Saint Simons’ next military contribution was due to the Naval Act of 1794, when timber harvested from two thousand Southern Live Oak trees from Gascoigne was used to build the USS Constitution and five other frigates. The USS Constitution is known as “Old Ironsides” for the way the cannonballs bounced off the hard live oak planking.
Christ Church
In 1808 the State of Georgia gave one hundred acres of land on St. Simons to be used for a church. The church was called Christ Church, Frederica, and was finished in 1820. During the Civil War, invading Union troops commandeered the small building to stable horses and nearly destroyed it. The church was rebuilt in 1889, and this historic building is still in use.
Cotton Production and Slaves
During the plantation era, Saint Simons became a center of cotton production known for its long fiber Sea Island Cotton. Nearly the entire island was cleared of trees to make way for several cotton plantations. One of the last slave ships to bring slaves from Africa docked at St. Simons Island, but the slaves marched off the boat into the water, dragged down by their chains, and drowned themselves rather than becoming slaves. An original slave cabin still stands at the intersection of Demere Rd. and Frederica Rd.

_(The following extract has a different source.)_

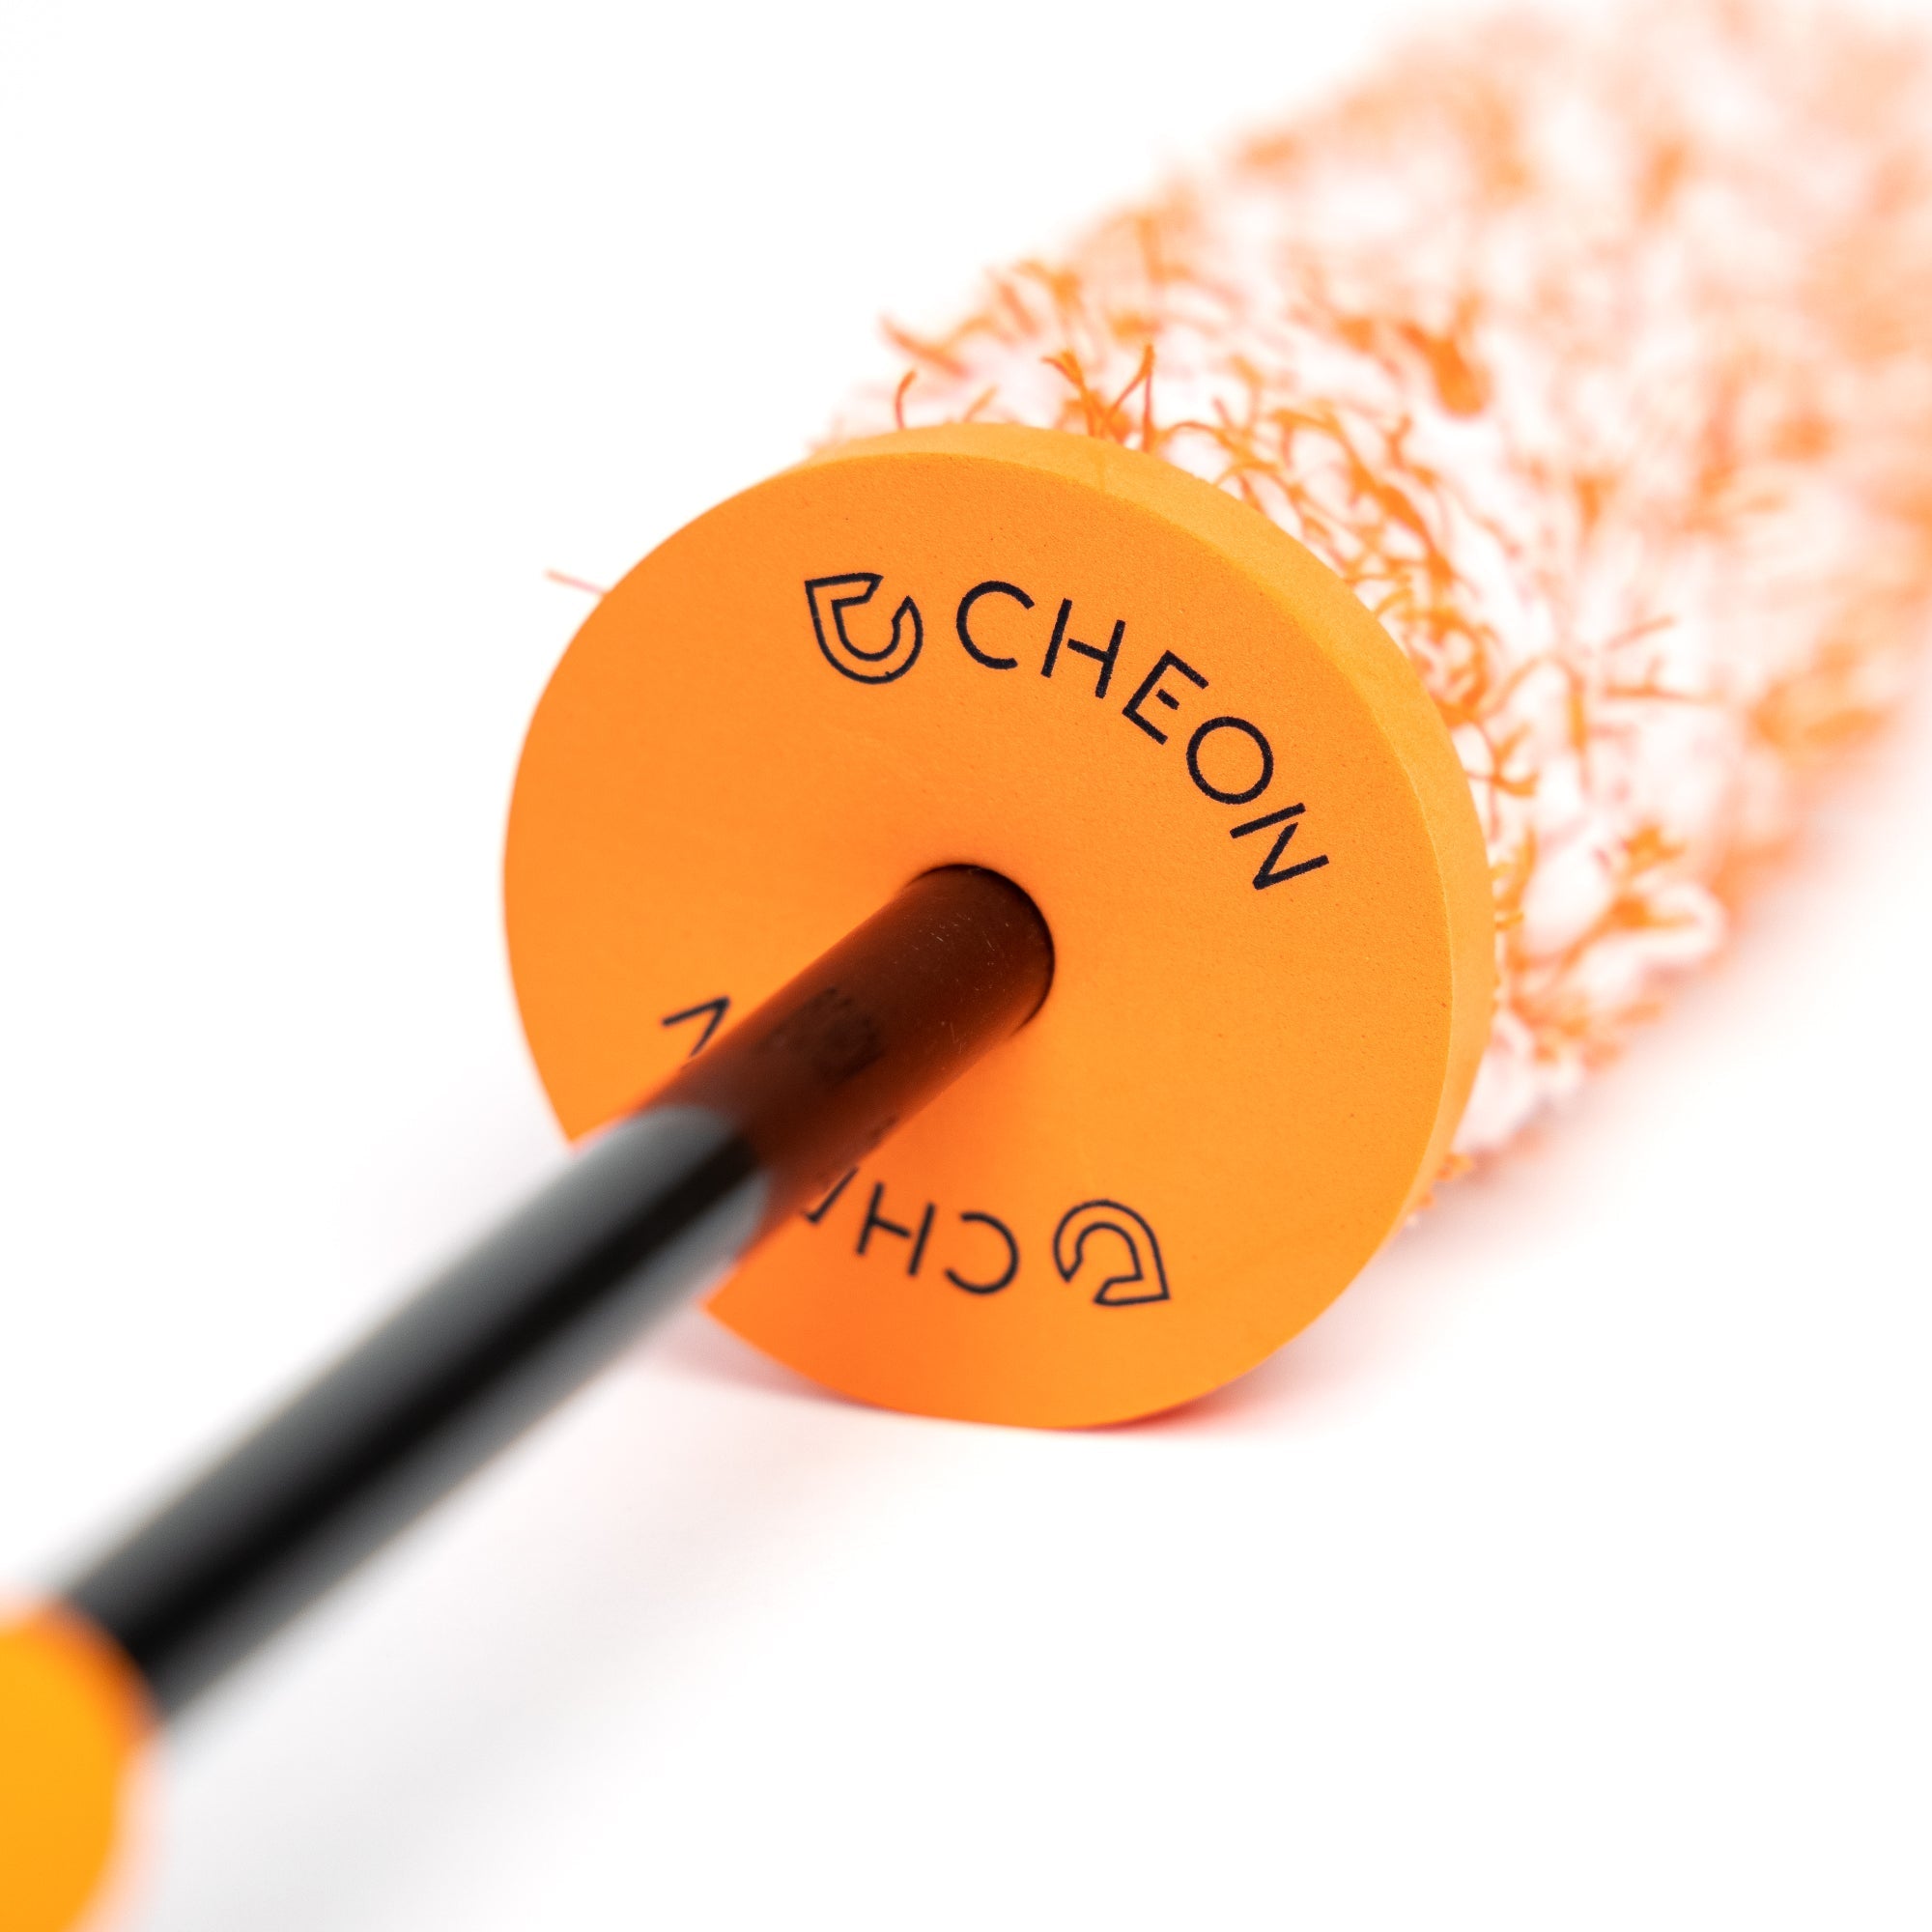 Cheon Wheel Brush

St. Simons Island Lighthouse
St. Simons Island Light is a lighthouse near the entrance to St Simons Island. It is 104 feet tall and uses a third order Fresnel lens. The original octagonal lighthouse was established in 1811, but destroyed in 1861 during the Civil War. A replacement was completed in 1872, electrified in 1934, automated in 1954, and is still operational. The current structure is an active lighthouse for navigational purposes and a museum. It is on lease from the United States Coast Guard to the Coastal Georgia Historical Society and is open to the public.
Coast Guard Station
The historic Coast Guard station is one of some 45 such stations of the same design started in 1935 under the WPA program. The station was commissioned in 1937 and was decommissioned in 1995. The building is one of only three remaining stations built at the time and is on the National Register of Historic Places. It houses the Maritime Center, a small museum run by the Coastal Georgia Historical Society.